Spain to block sms scams: new system arrives in 2026

Get ready for a significant shift in how you receive text messages. Spain's National Commission of Markets and Competition (CNMC) is implementing a groundbreaking system designed to eradicate SMS fraud and bolster data security, a move poised to reshape the mobile landscape for millions.

A fortress against smishing

For years, consumers have been bombarded with deceptive SMS messages – “smishing” – impersonating banks, telecom providers, and insurance companies, all with the nefarious goal of stealing personal data. The CNMC’s new initiative directly addresses this escalating threat, aiming to dismantle the tactics employed by cybercriminals who exploit social engineering to pilfer financial information.

The core of this strategy lies in mandating that businesses register their sender identities, known as “aliases,” with the CNMC. Companies failing to comply face stiff financial penalties.

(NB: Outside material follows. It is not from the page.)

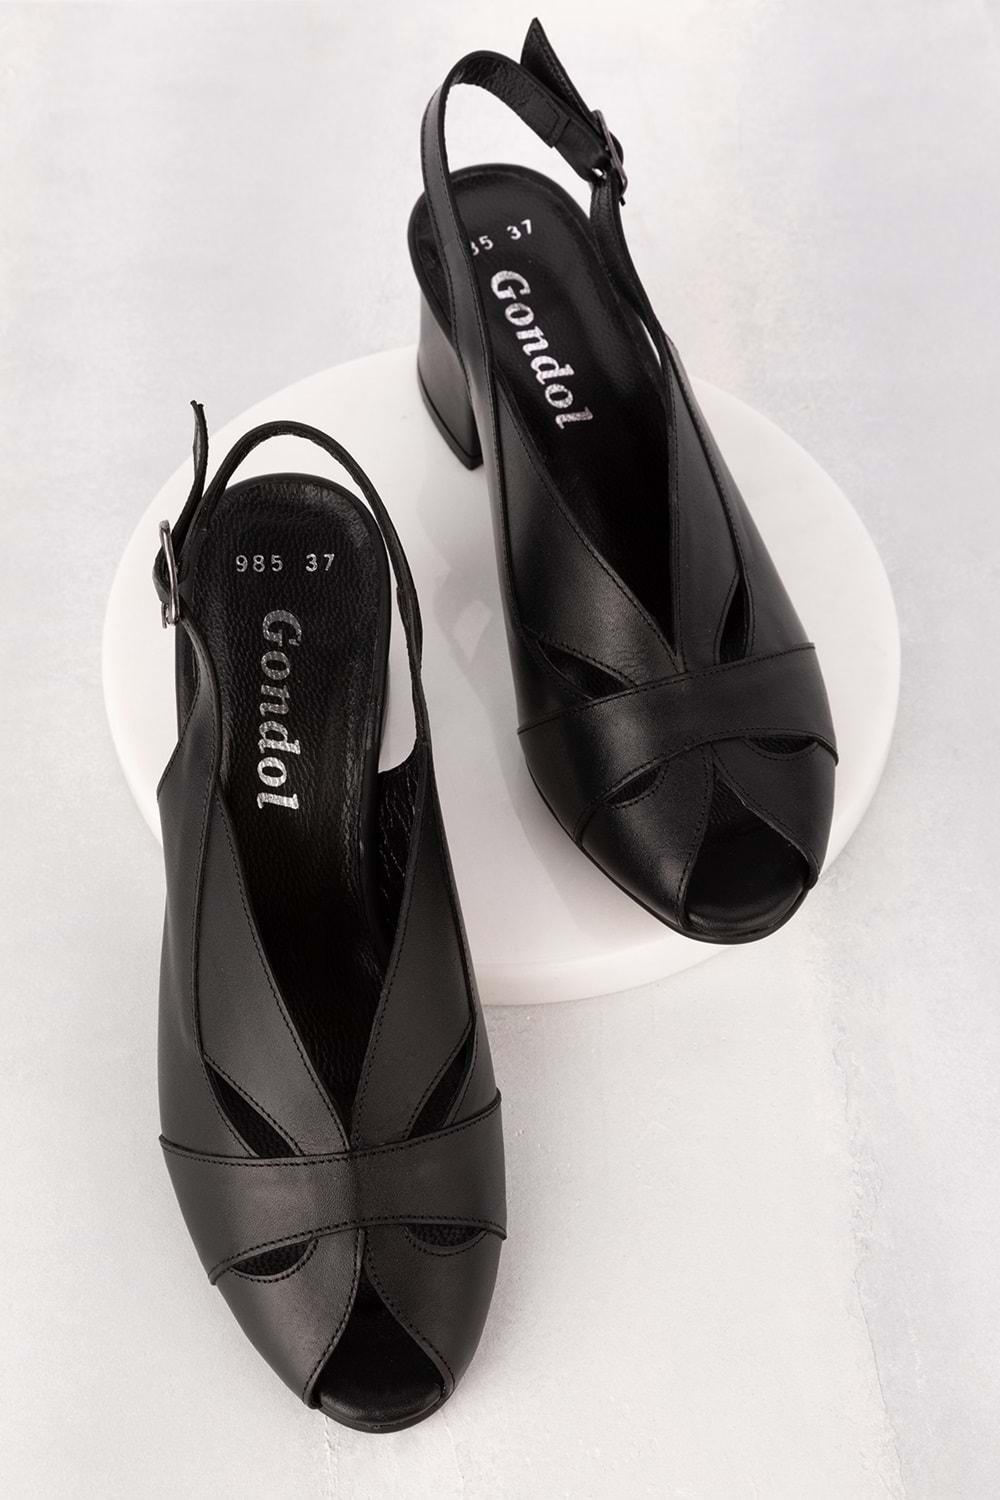 Gondol Hakiki Deri Klasik Topuklu Ayakkabı şhn.985 - Siyah - 40

Essentially, the CNMC is establishing a robust verification system, demanding transparency and accountability from organizations transmitting SMS or RCS messages to Spanish mobile users.

Think about the frustration of receiving a seemingly legitimate SMS from your bank, urging you to click a suspicious link. This scenario, increasingly common, is set to become a relic of the past. The new ‘alias’ registry, managed by the CNMC, will collect alphanumeric codes used by senders, allowing recipients to instantly recognize the origin of an SMS without resorting to internet searches or contact lists.

It's not just Spanish companies that are affected. Multinational corporations sending SMS or RCS messages to Spanish clients will also be required to register their aliases, proving their connection to their brand or domain. The CNMC’s circular, published on February 12th, outlines the specifics of this registration process.

How the blocking will work

The CNMC will begin blocking messages under several conditions: mismatches between the alias and the registered identifier, messages from unregistered providers, unauthorized transmissions, and messages originating from foreign companies not registered in Spain. A grace period until June 6, 2026, allows providers to adapt their systems and conduct testing, but the deadline is firm.

This represents one of Spain's most ambitious moves to combat cybercrime, complementing existing measures against unwanted phone calls. The success of the initiative hinges on a collaborative partnership between mobile operators and the regulatory body, ensuring the registry functions as a trusted resource.

While the rollout won't be immediate, the CNMC's proactive approach signals a significant commitment to protecting consumers in the digital age. The implementation of this system is not merely a regulatory update; it is a declaration of war against SMS fraud, one that promises to reshape the mobile communication experience for every user in Spain.